The word Morgul- is first introduced in the Lord of the Rings exactly like a piece of bafflegab in some modern fantasy of which no-one could possibly know the exact meaning. Of course Tolkien probably would, since he had invented Sindarin but the reader would not. And possibly at that time Tolkien would not yet have imagined Minas Morgul which only comes in later.

But then Tolkien changes his mind on many issues later, for example, the backstory of Galadriel including the meaning of Celeborn’s name.

In short, when the tale tells us that Gandalf uses the word Morgul-knife but does not tell exactly what he meant by it, either literally ‘black sorcery’ or the derived name applied in Gondor to Minas Ithil. Both work in the final account. I had at some point in my rereading automatically assumed the ‘black sorcery’ meaning. You at some point assumed the ‘Minas Morgul’ meaning.

Neither of was particularly aware that the other meaning might be applied here.

But once aware of both meanings, I find it impossible to choose between them. Both work.

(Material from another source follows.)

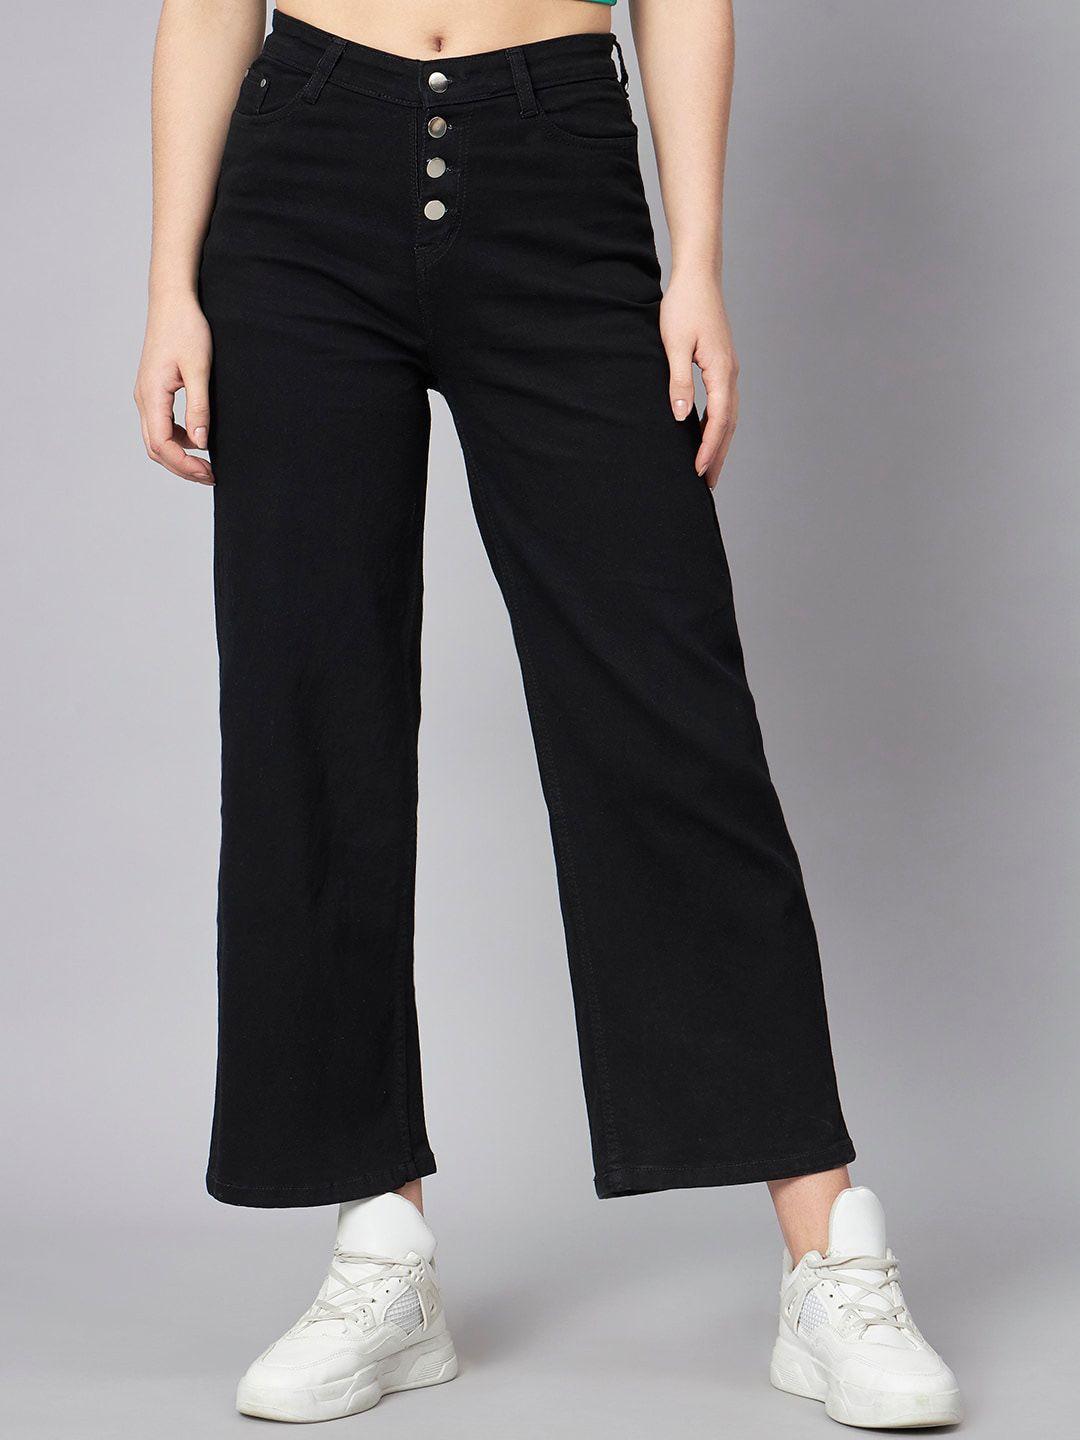 the dry state women black relaxed fit non stretchable cotton jeans

Gandalf’s mention of the Morgul-knife appears to first arise in the Fourth Phase version of Frodo’s conversation with Gandalf at Rivendell, although Christopher Tolkien does not present that part of the story. Christopher Tolkien does say in The Treason of Isengard (HOME 7), page 82, that the text is then as in FR except for places where Christopher Tolkien indicates differences. But Minas Morgul is not mentioned in the Council of Elrond for two more versions of the Council. In the version of the Council written to go with this version of the conversation between Frodo and Gandalf even Minas Tirith only appears in a late pencilled change to the manuscript.